Mengingat spiritualitas, toleransi, dan pluralisme yang kuat di kampus ini menjadi contoh yang baik bagi umat Kristen untuk menyesuaikan diri dengan kebinekaan masyarakat Indonesia. Selain itu, diselenggarakannya "Center of Excellence" (CoE) untuk memadukan riset, pengajaran, dan pengabdian mengenai agama-agama global maupun lokal juga menjadi contoh positif.
Namun, apakah ini semua hanya sekedar 'rahasia umum' bagi kampus-kampus Kristen? Bagi saya, hal ini justru merupakan 'teladan umat islam'. Di berbagai lapisan masyarakat Indonesia yang lebih banyak orang yang beragama muslim dibandingkan agama lain, di mana kampus Muslim memiliki program-studi kekristenan dan diajar para sarjana Kristen.
Sementara itu, di Timur Tengah, Afrika Utara, Asia Tengah, dan negara-negara lain masih kurang banyak kampus yang menawarkan program studi Islam. Meskipun ada beberapa kampus muslim yang membuka mata kuliah keislaman, tetapi pengajarnya biasanya sarjana Muslim serta dilakukan dalam semangat apologetik untuk "mengadili" atau "menjahit" agama lain.

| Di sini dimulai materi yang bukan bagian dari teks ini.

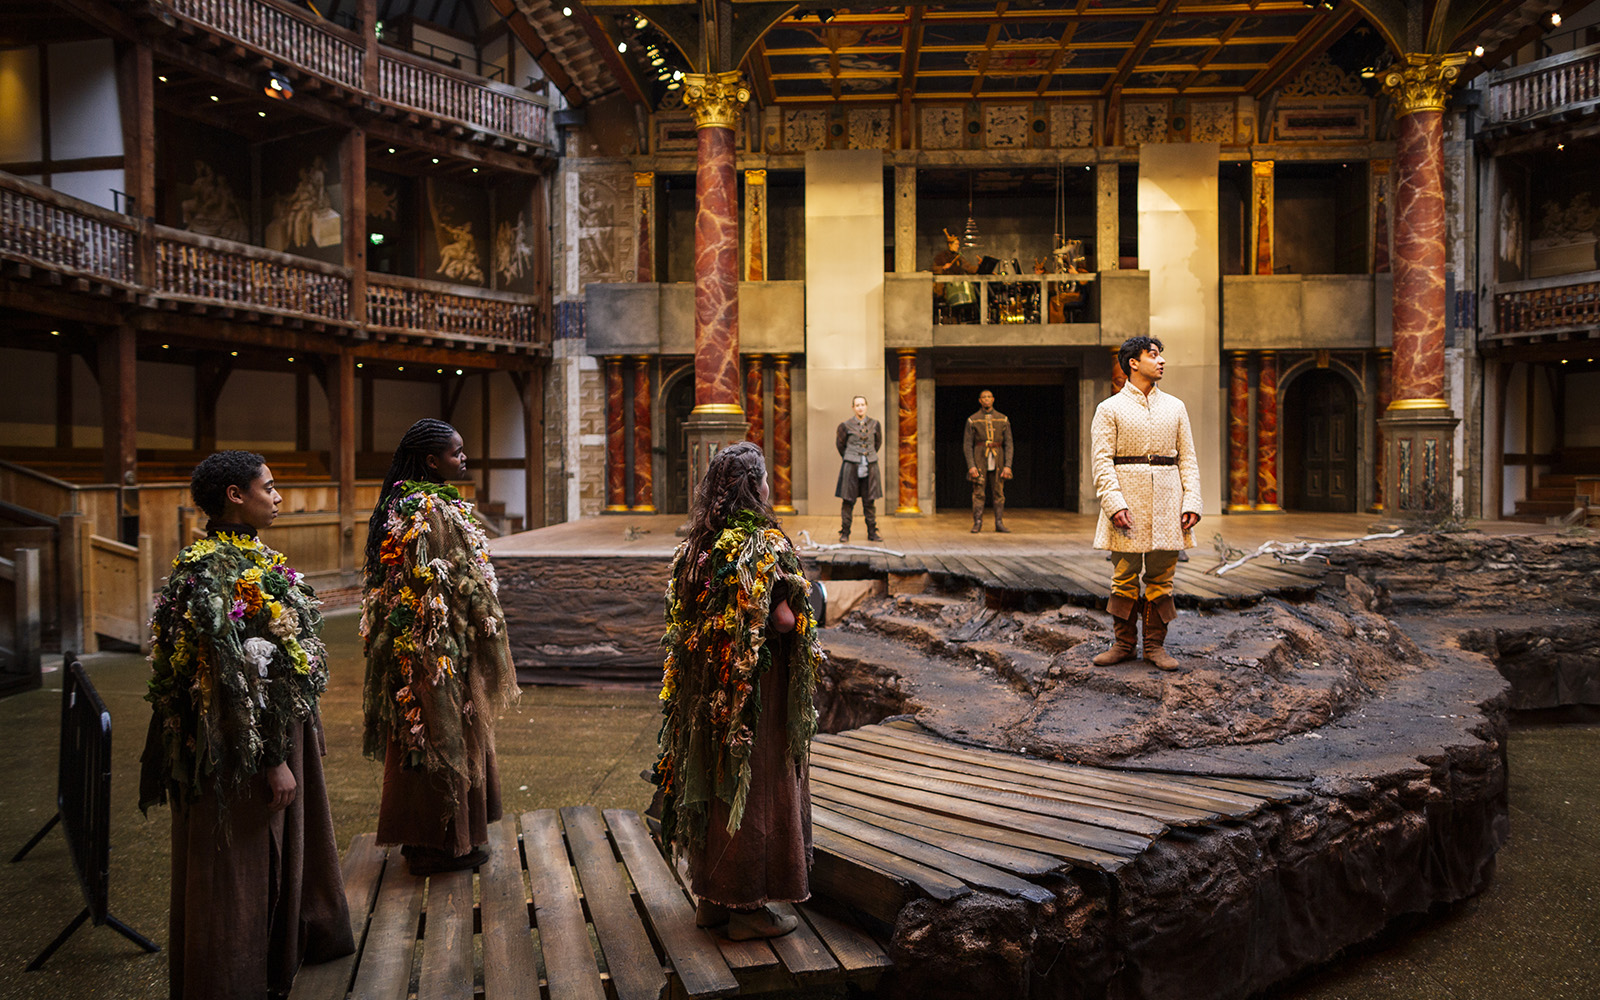 Three actors stand to the left of the stage adorned with flowers. Another actor stands in front of them dressed in a white tunic.

Puluh tahun mengajar di luar negeri membuat saya merasakan bahwa kampus nonmuslim (Kristen, Yahudi, dll) lebih toleran dan terbuka dibandingkan dengan kampus muslim. Di Amerika Utara dan Eropa banyak sekali mahasiswa pascasarjana yang memajang dan mempresentasikan "makalah poster" di konferensi mengenai berbagai topik keislaman dan fenomena sosial masyarakat muslim.
Sementara itu, di Indonesia, terdapat beberapa kampus Muslim yang menawarkan program studi agama-agama (seperti mata kuliah Islamologi dan diajar sarjana muslim), tetapi pengajarnya cenderung lebih 'apologetik' daripada membangun fondasi intelektual-spiritual egaliter untuk saling belajar dan memahami keunikan tiap tradisi agama.